Here was the low-hanging willow where you had to duck down, here was the place with the tilty sidewalk square that served as a ramp when you jerked hard on the handlebars, which he did, and the crowd went wild, and the announcers in the booth above the willow shook their heads, saying, Wow, he takes that jump like there’s no tomorrow while them other racers fret about it like some kind of tiny crying babies!

Were the Dalmeyers home?

Their gray car was still in the driveway.

He would need to make another lap.

Yesterday he had picked up a bright-red goalie pad and all three Dalmeyers had screamed at him, Not that pad Cody you dick, we never use those pads in the driveway because they get scuffed, you rectum, those are only for ice, were you born a rectal shitbrain or did you take special rectal shitbrain lessons, in rectal shitbrain lessons did they teach you how to ruin everybody’s things?

Well yes, he had ruined a few Dalmeyer things in his life, he had yes pounded a railroad spike in a good new volleyball, he had yes secretly scraped a ski with a nail, he had yes given the Dalmeyer dog Rudy a cut on its leg with a shovel, but that had been an accident, he’d thrown the
shovel at a rosebush and stupid Rudy had walked in front of it.

And the Dalmeyers had snatched away the goalie pad and paraded around the driveway making the nosehole sound, and when he tried to laugh to show he was a good sport he made the nosehole sound for real, and they totally cracked up, and Zane Dalmeyer said why didn’t he take his trademark nosehole sound on Broadway so thousands could crap their pants laughing?
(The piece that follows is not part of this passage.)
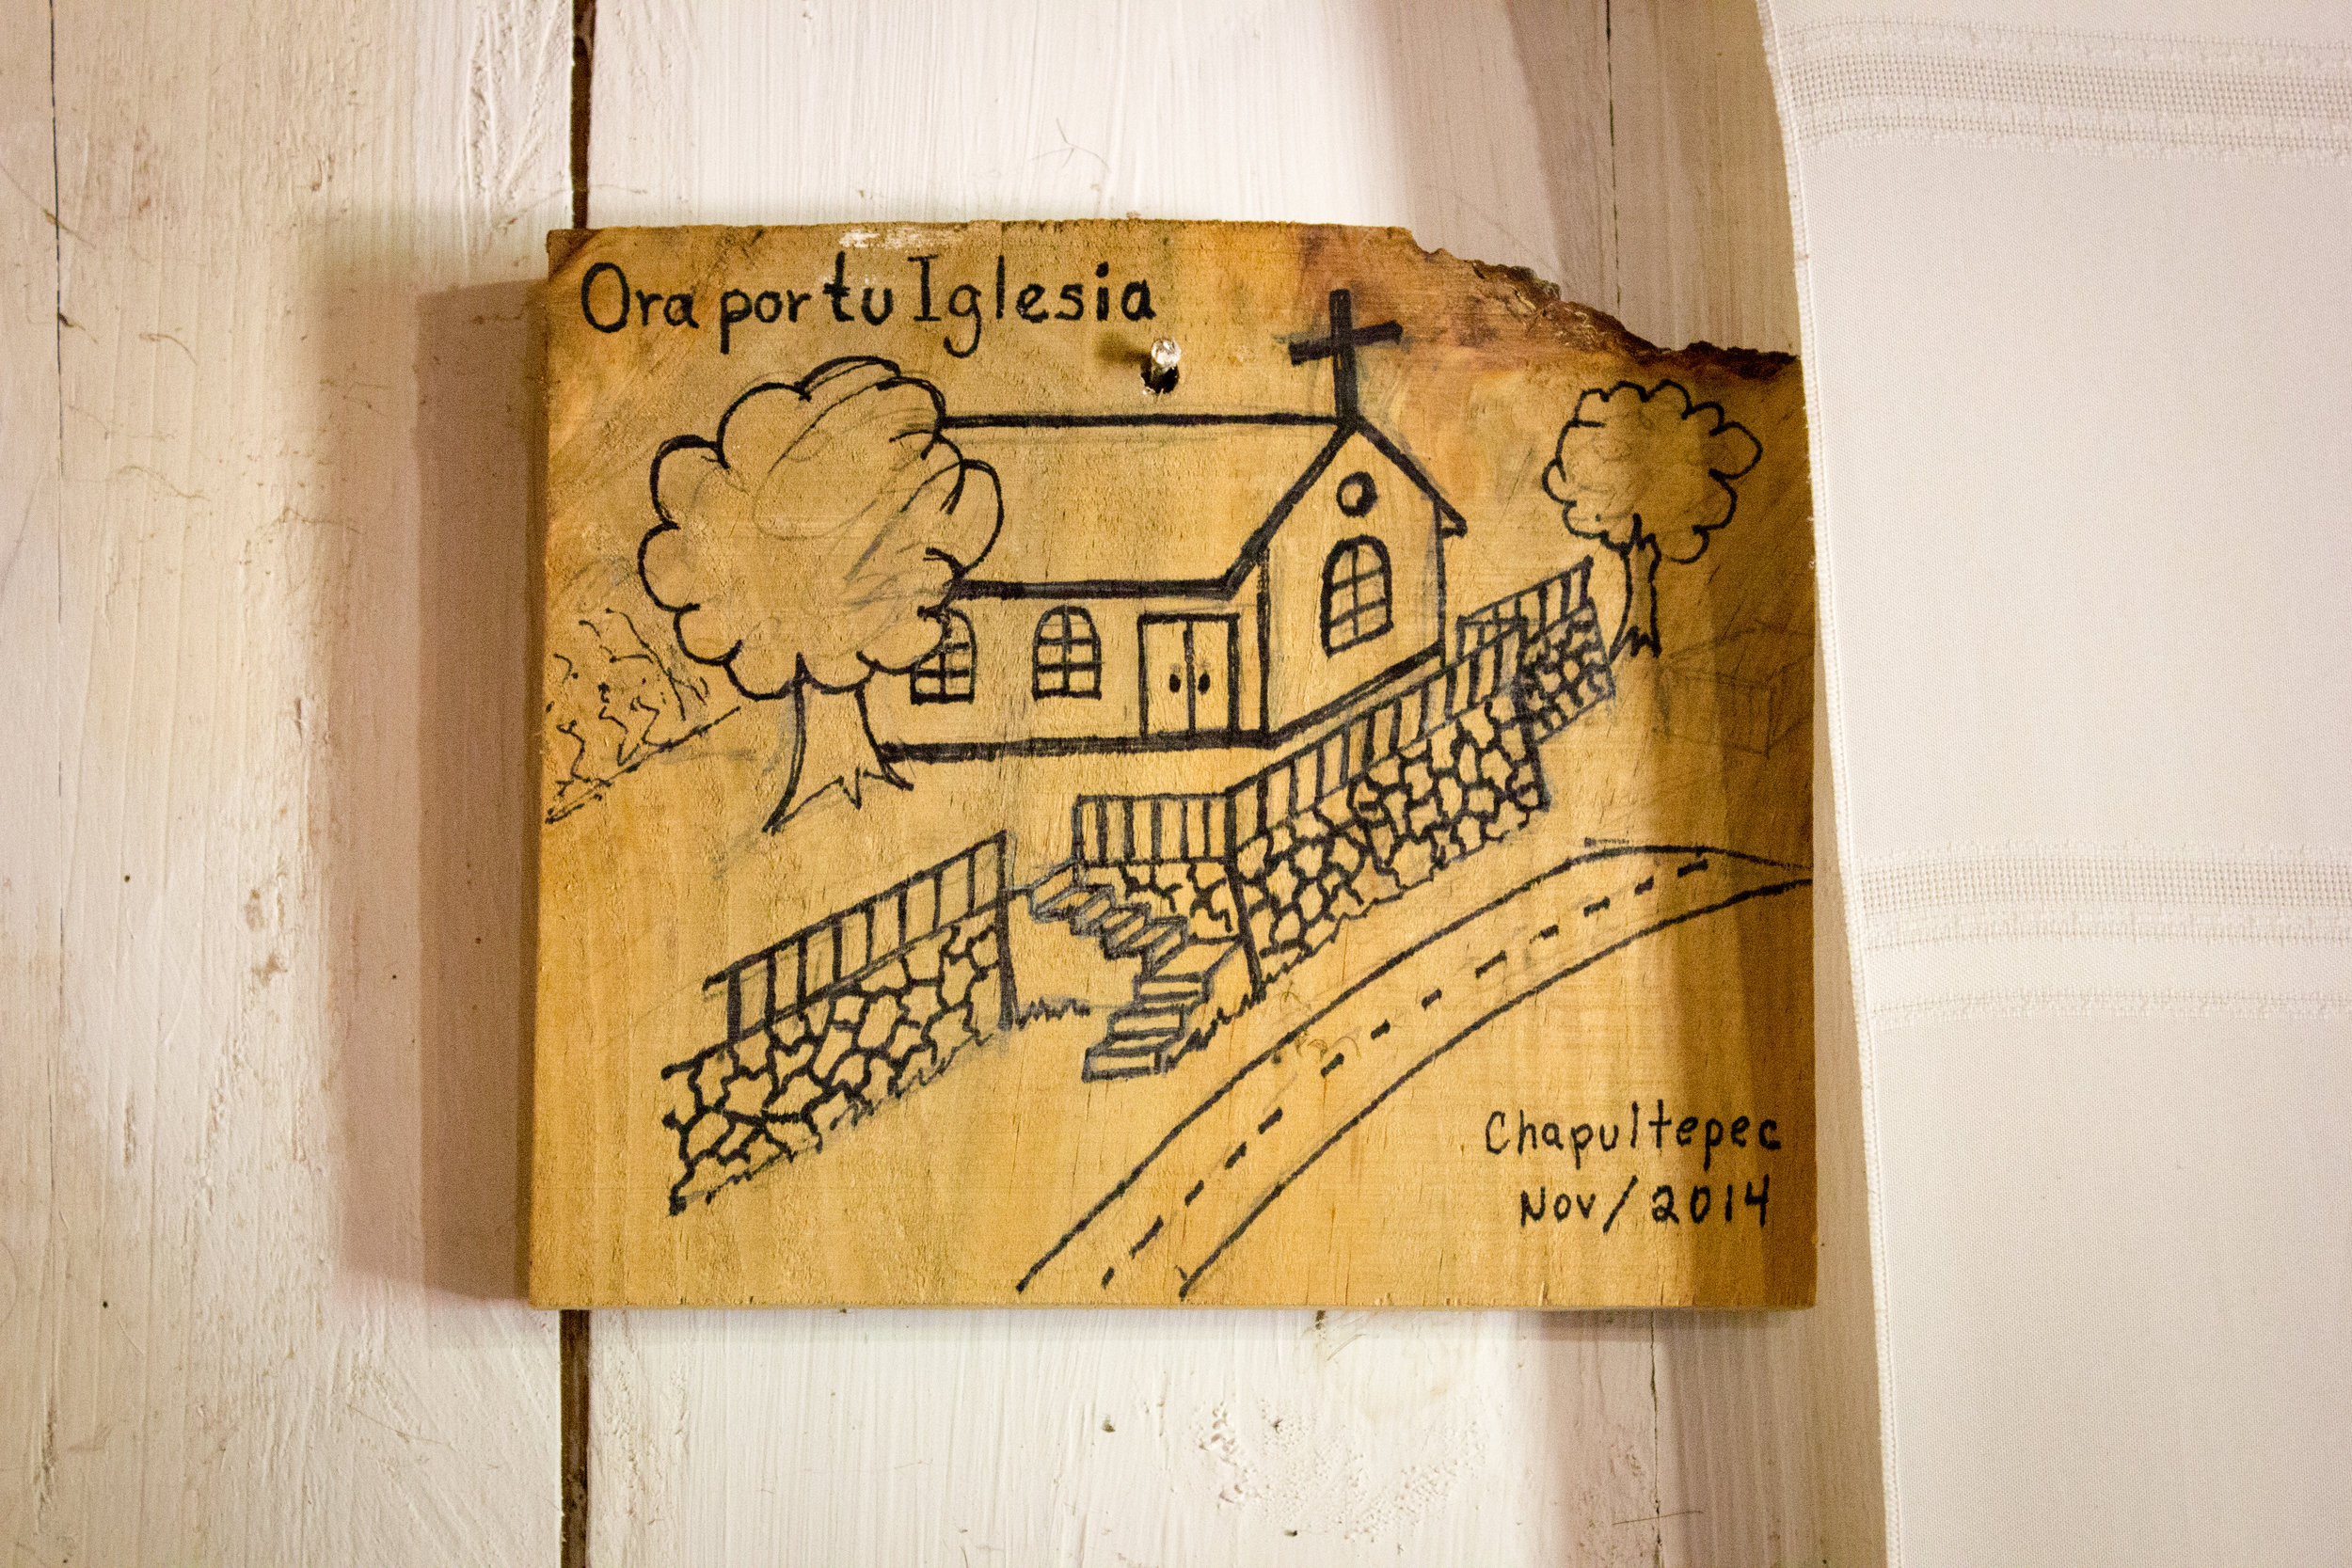  On the wall is a drawing that represents their dream of building a new church.

And Eric Dalmeyer said hey if only he had like fifty different-sized noseholes that each made a different sound then he could play songs. And they laughed so hard at the idea of him playing songs on Broadway on his fifty different-sized noseholes that they fell to the driveway thrashing their idiotic Dalmeyer limbs, even Ginnie, the baby Dalmeyer, and ha ha ha that had been a laugh, that had been so funny he had almost gone around one two three four and smashed their cranial cavities with his off-brand gym shoes, which was another puzzling dilemmoid, because why did he have Arroes when every single Dalmeyer, even Ginnie, had the Nikes with the lights in the heel that lit up?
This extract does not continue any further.